The next day is the qualification for the main competition, which Harkin overcomes easily. However, two of his compatriots are passed over despite a good performance because the organizers want to satisfy their European sponsors. Harkin befriends a group of fun-loving skiers led by freestyle veteran Dan O'Callahan, who are also competing in the Championship and call themselves “The Rat Pack." In the evening, Harkin and Sunny receive an invitation to a house party with the attractive skier Sylvia, who has her eye on him. After a disagreement with Sunny, Harkin allows himself to be seduced by the confident hostess and the two have sex in the bathtub. Sunny watches the whole thing and gets intimate with Rudi in the sauna.

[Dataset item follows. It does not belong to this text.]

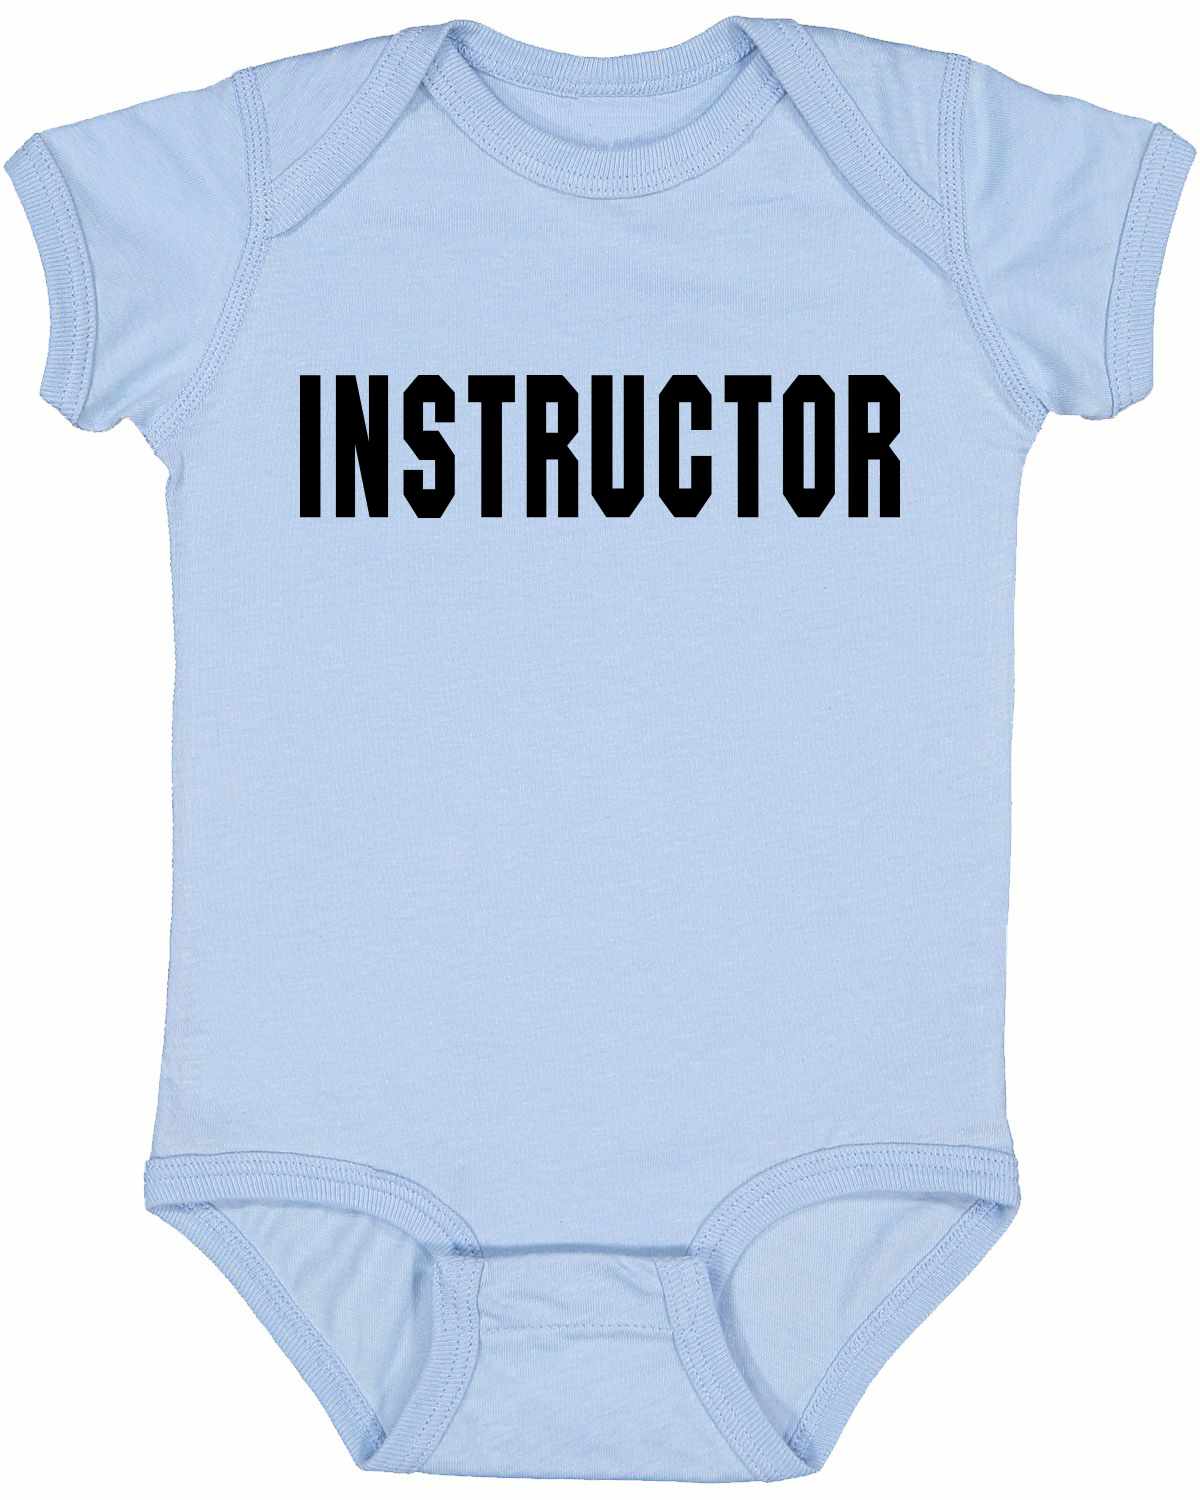 INSTRUCTOR on Infant BodySuit (#242-10)
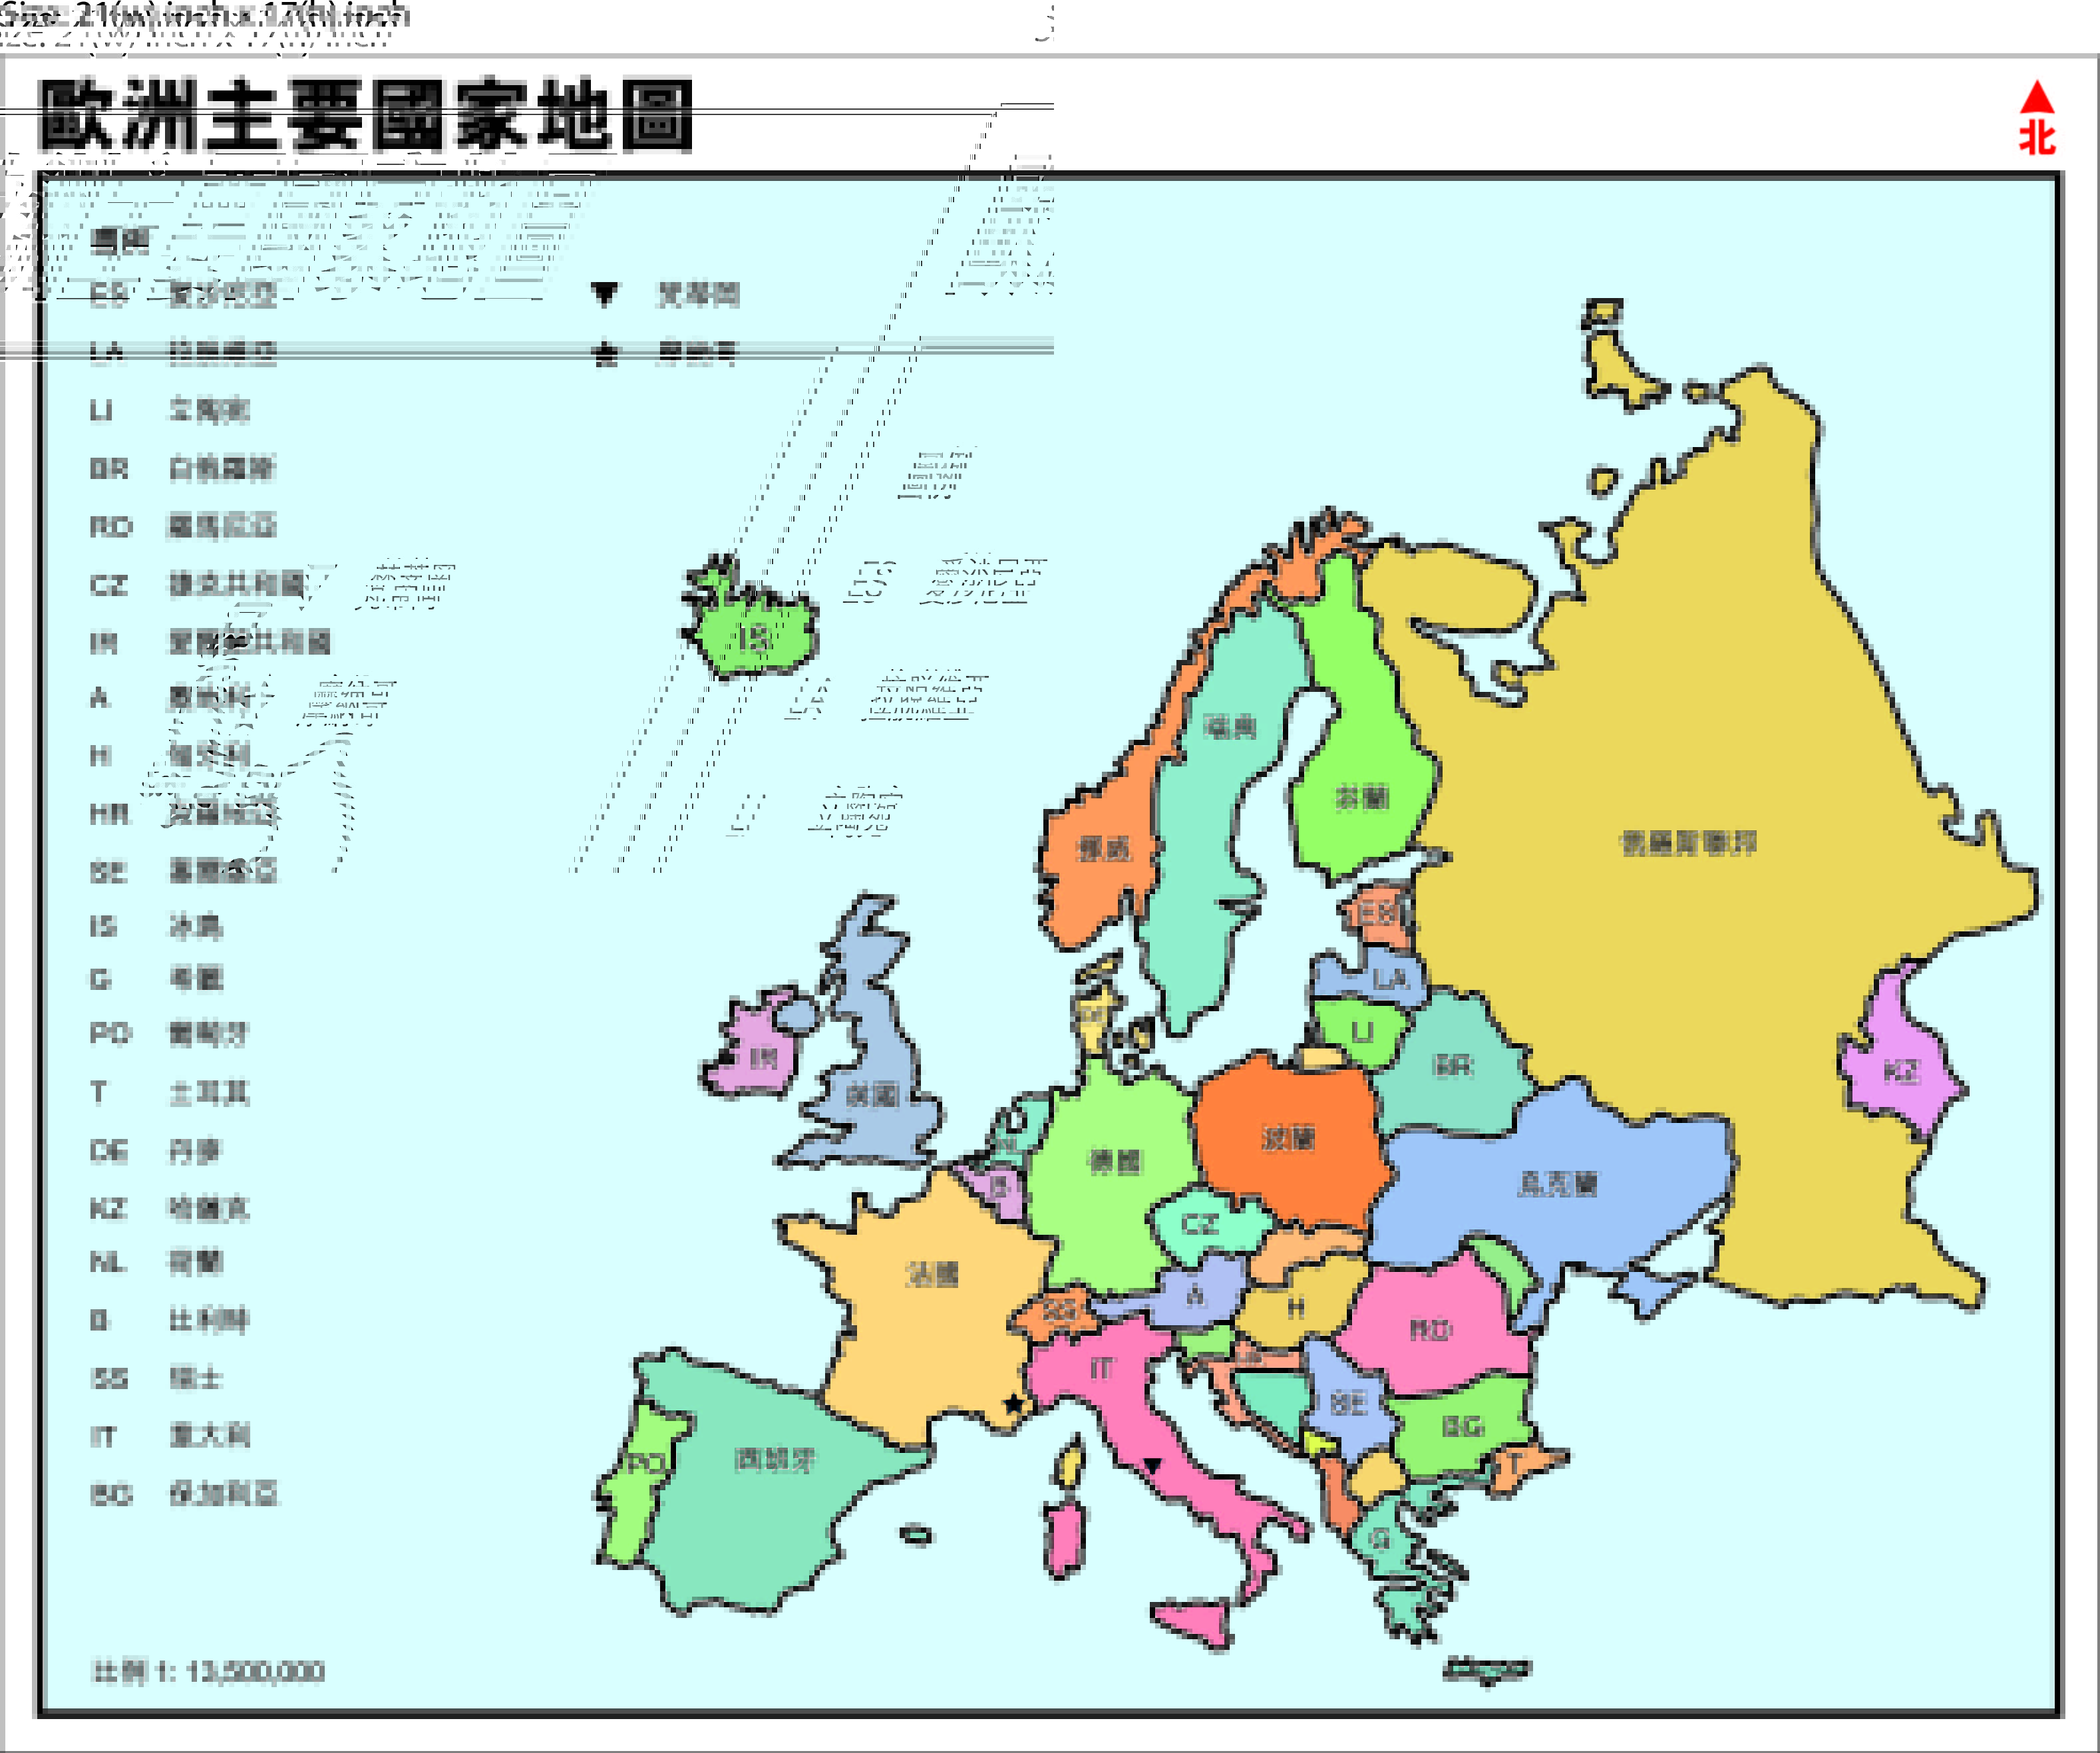 欧洲地图_欧洲地图高清版大图_地图窝

The next morning, Rudi brags about his conquest on the slopes and provokes Harkin before the ski ballet segment. Thanks to excellent grades, Rudi wins and Harkin only ends up in fifth place, much to the audience's displeasure. Afterward, Sunny and Harkin confront each other about their missteps from the previous evening. Sunny prepares to leave, but ends up staying in town and trying to teach herself to ski. Despite Harkin's excellent performances on the moguls and aerials, Rudi also wins these two competitions and is crowned the superior freestyle world champion. Harkin has to be content with second place. The spectators suspect cheating and throw snowballs at the judges.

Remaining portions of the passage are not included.